• Task objective: Your copy should run exactly from the line containing "Bush Family Reportedly" to the last line of the entries below, and it should include no pictures.

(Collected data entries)
----

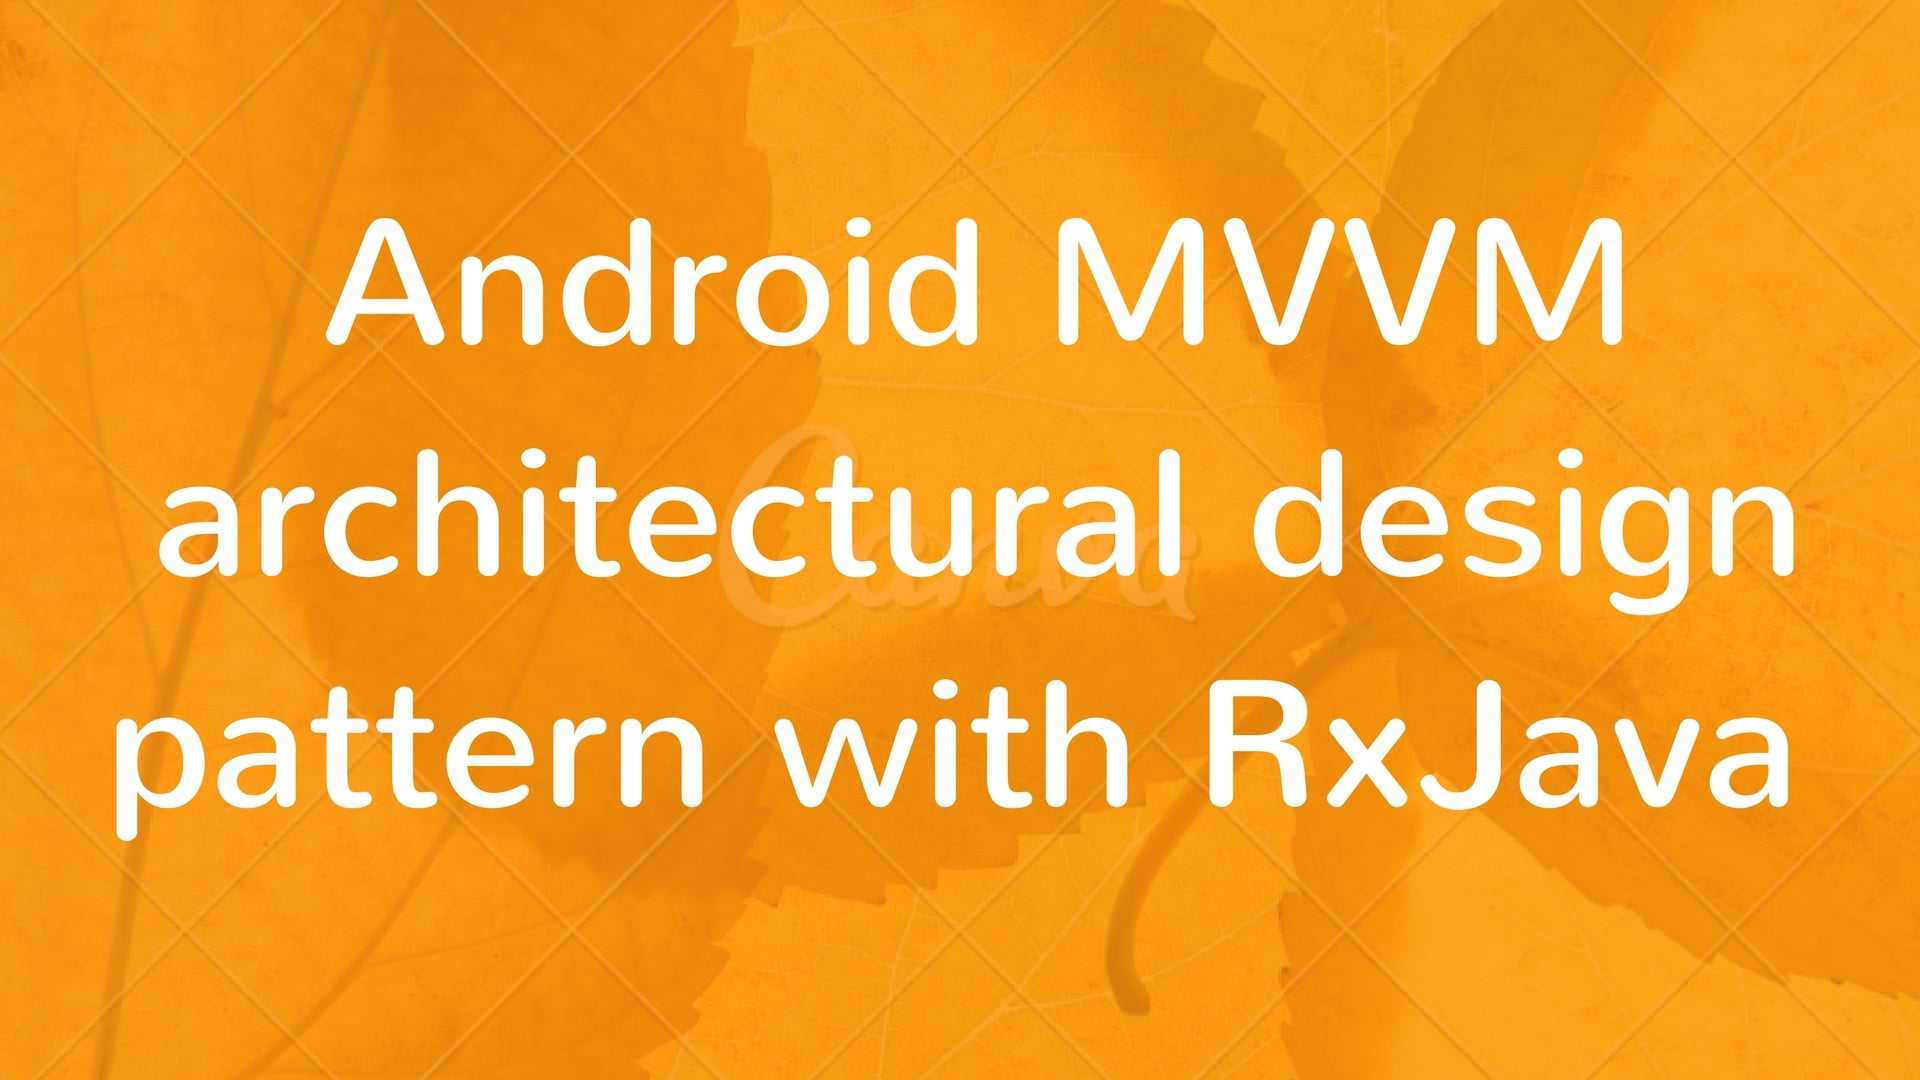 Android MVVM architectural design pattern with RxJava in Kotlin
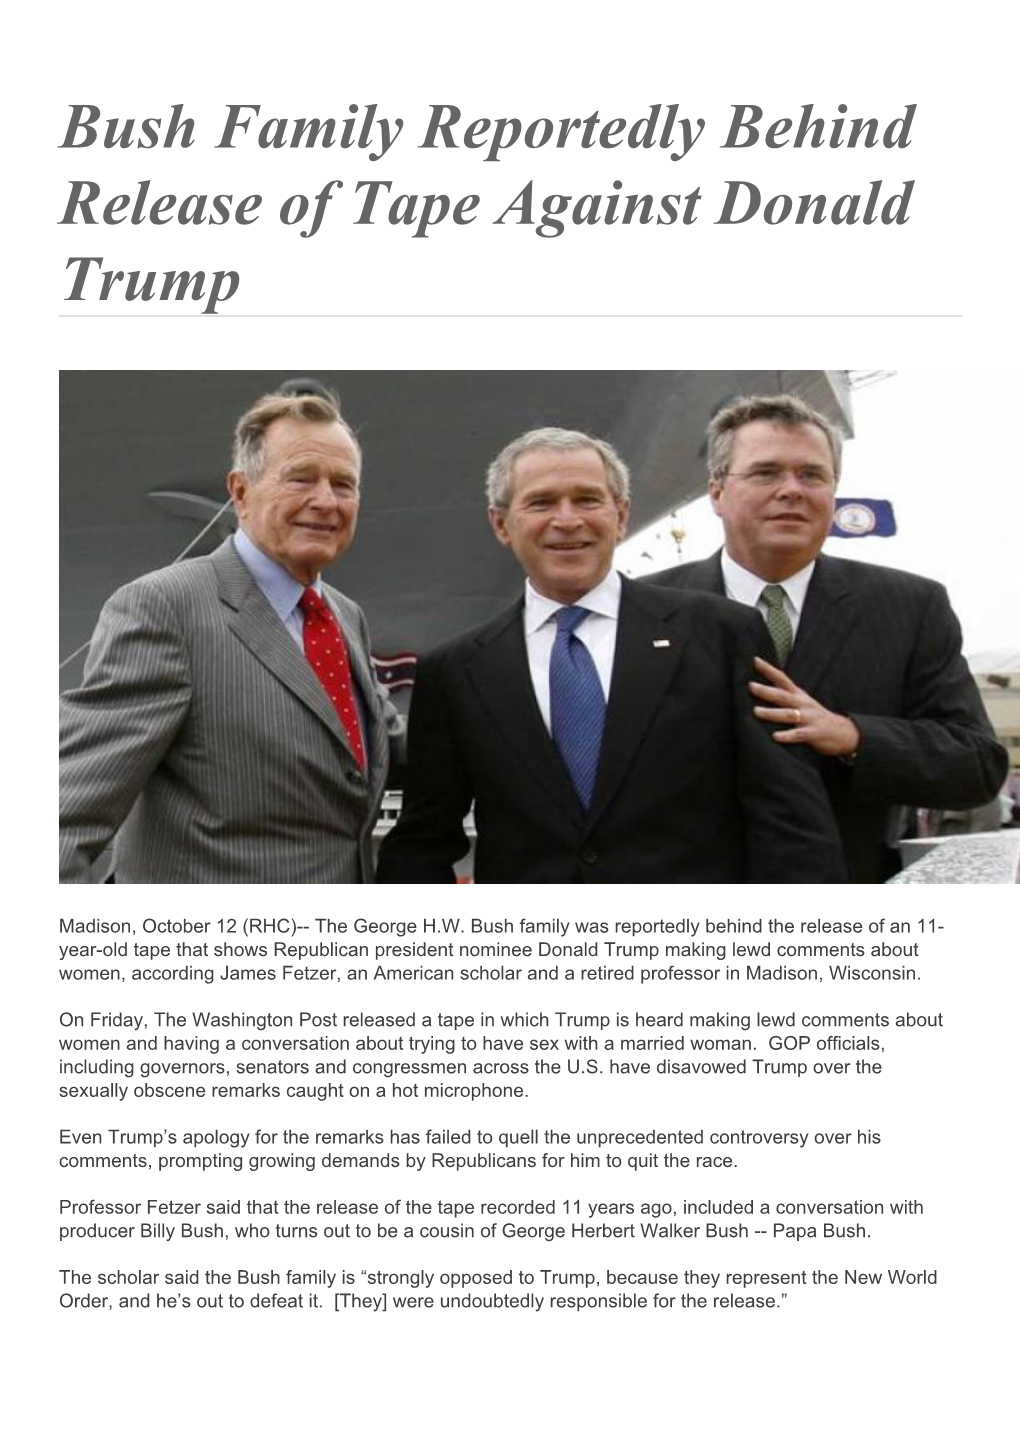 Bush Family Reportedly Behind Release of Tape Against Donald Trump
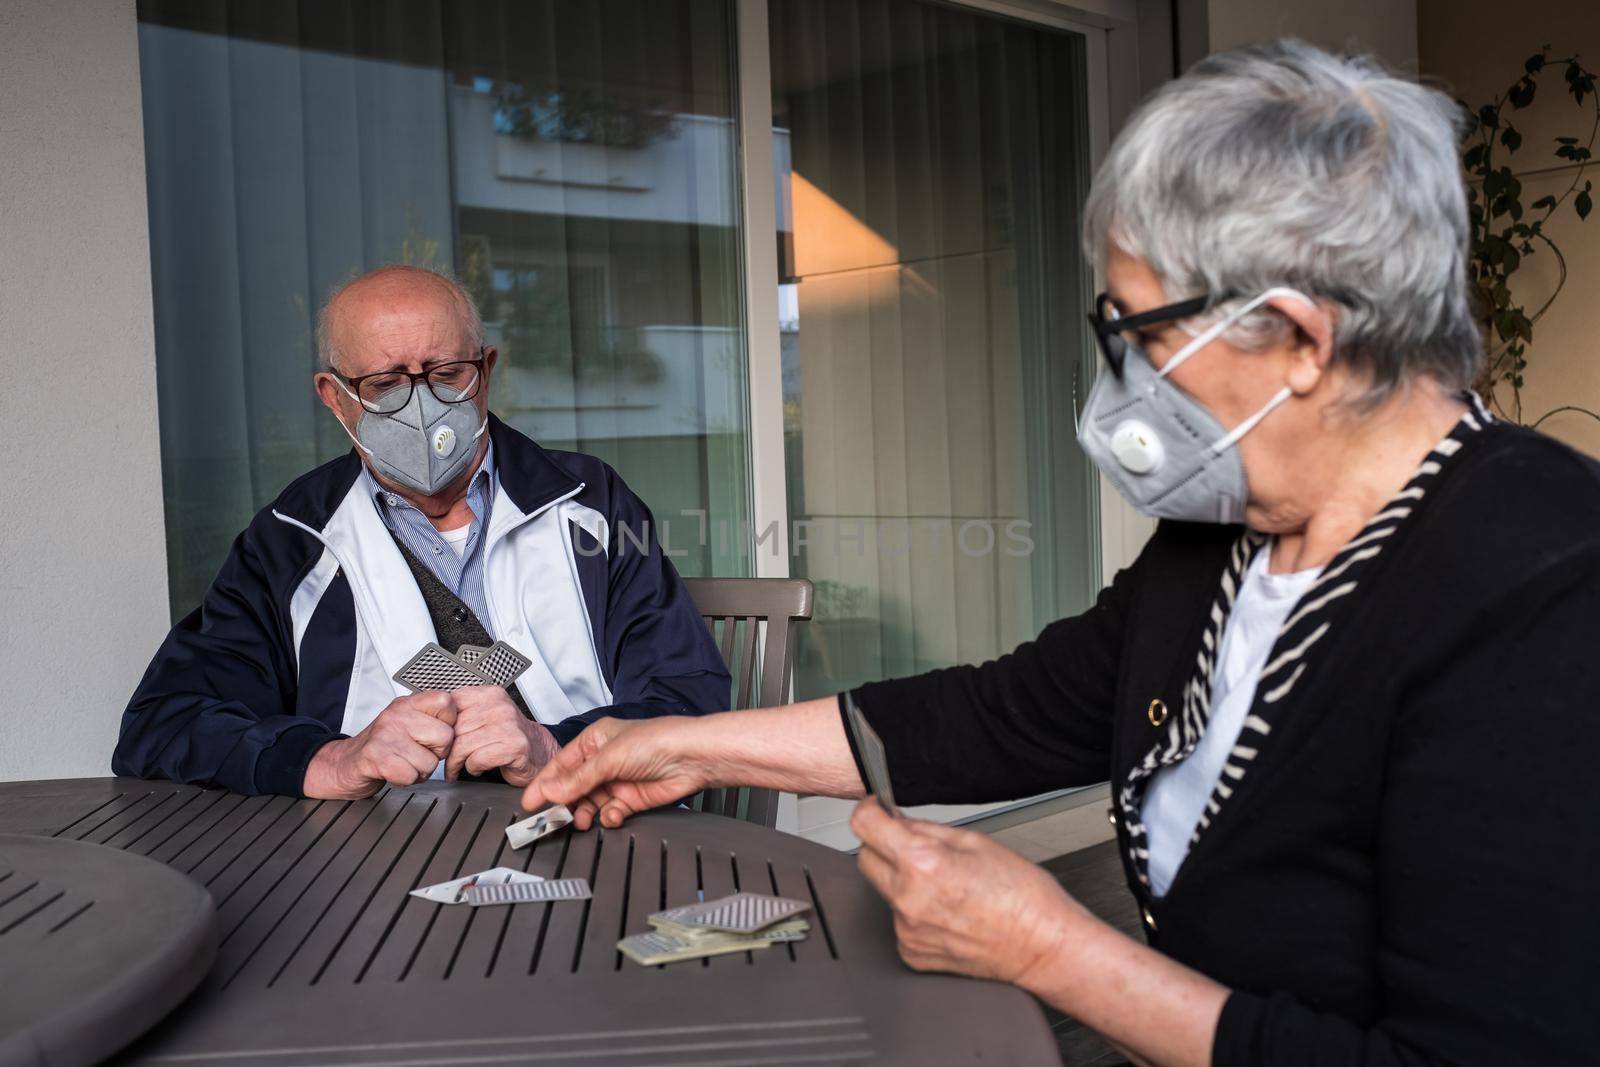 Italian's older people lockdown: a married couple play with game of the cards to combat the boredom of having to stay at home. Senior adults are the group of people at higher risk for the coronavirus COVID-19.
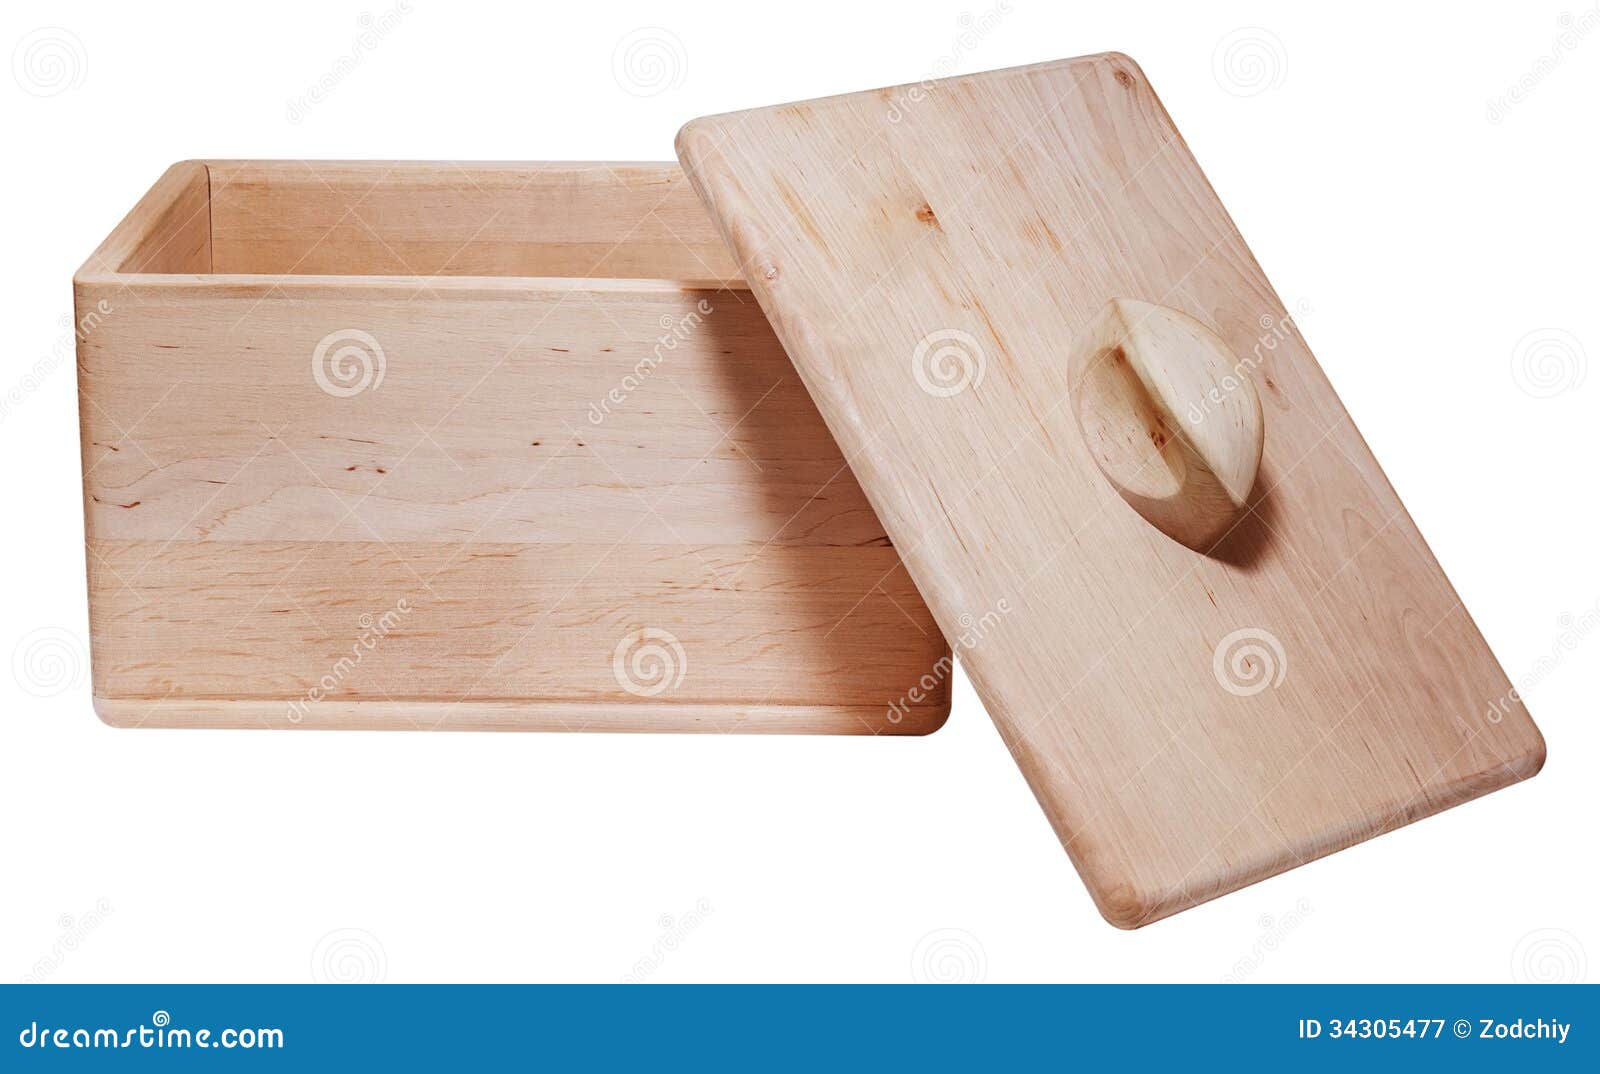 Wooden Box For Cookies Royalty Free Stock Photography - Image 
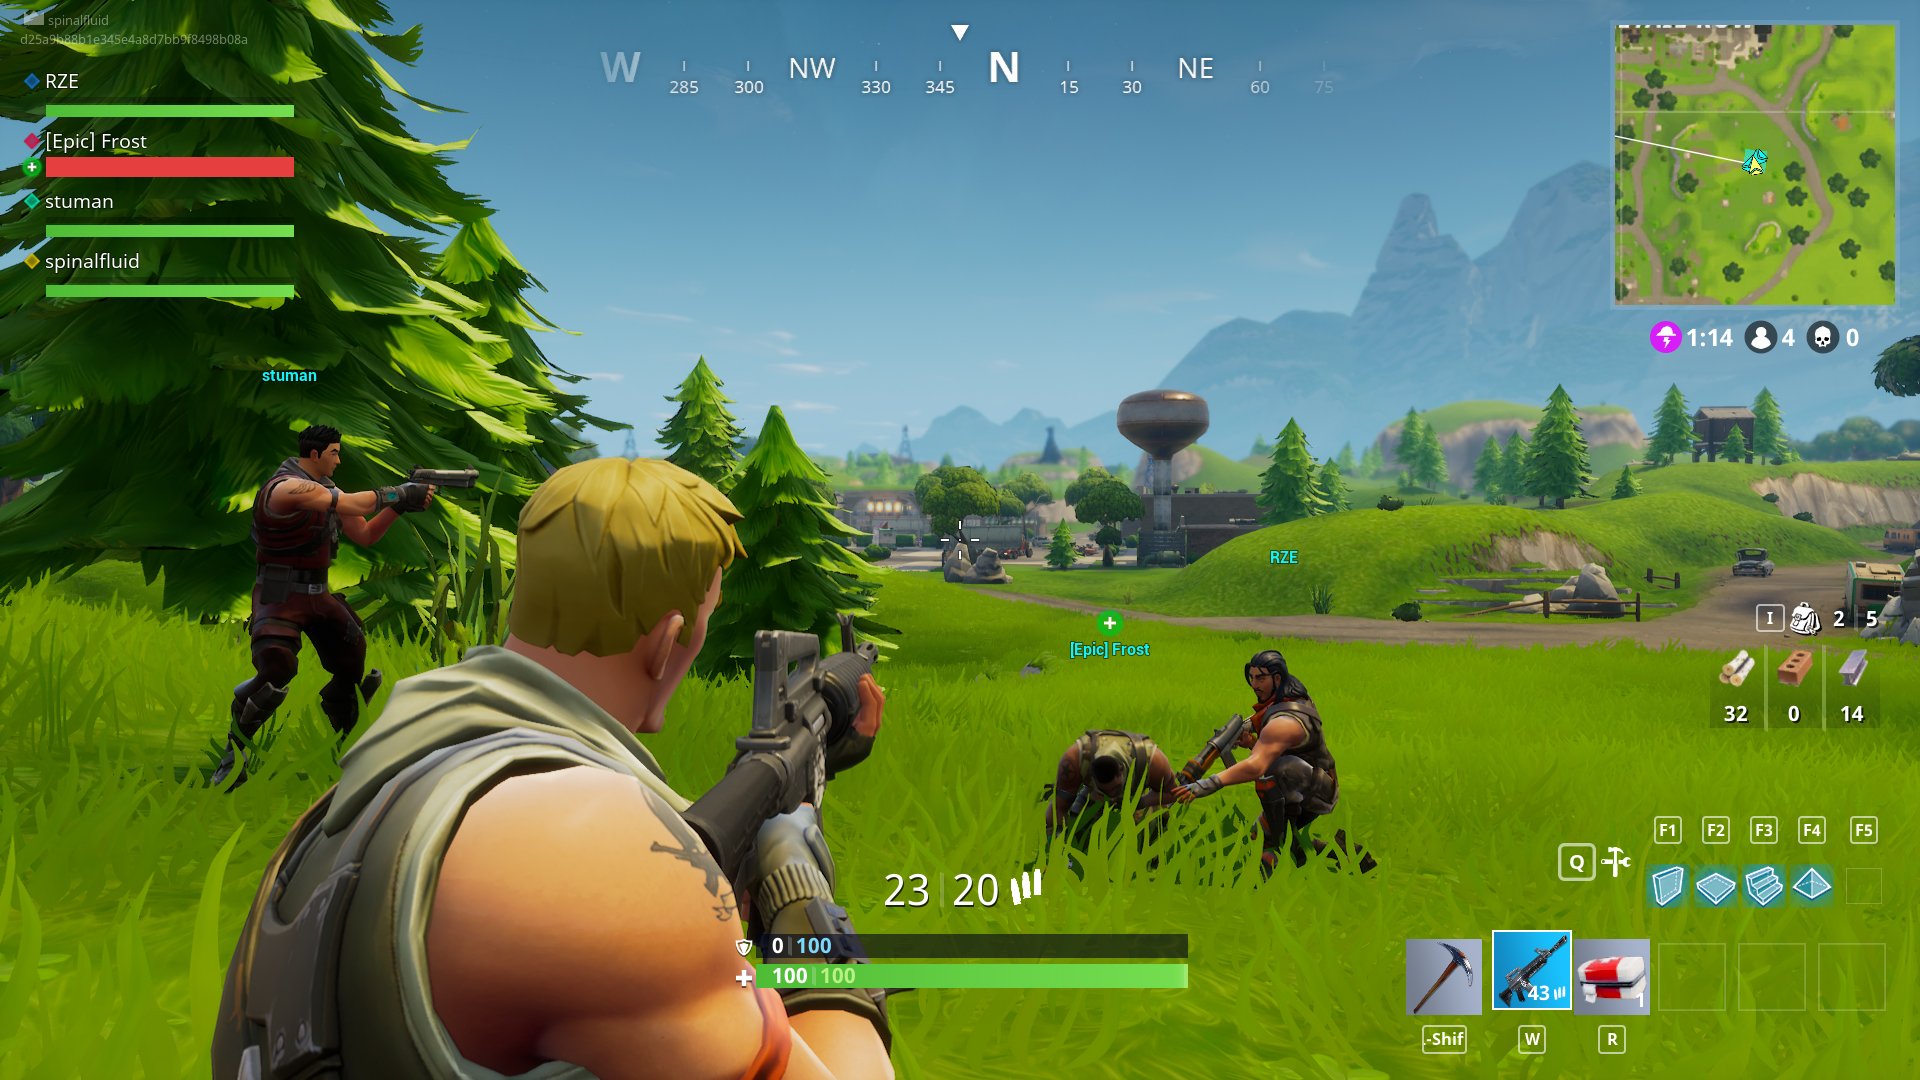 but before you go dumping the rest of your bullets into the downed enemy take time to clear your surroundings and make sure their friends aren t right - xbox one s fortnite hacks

----

• Result:
 Bush Family Reportedly Behind Release of Tape Against Donald Trump
 Italian's older people lockdown: a married couple play with game of the cards to combat the boredom of having to stay at home. Senior adults are the group of people at higher risk for the coronavirus COVID-19.
 Wooden Box For Cookies Royalty Free Stock Photography - Image 
 but before you go dumping the rest of your bullets into the downed enemy take time to clear your surroundings and make sure their friends aren t right - xbox one s fortnite hacks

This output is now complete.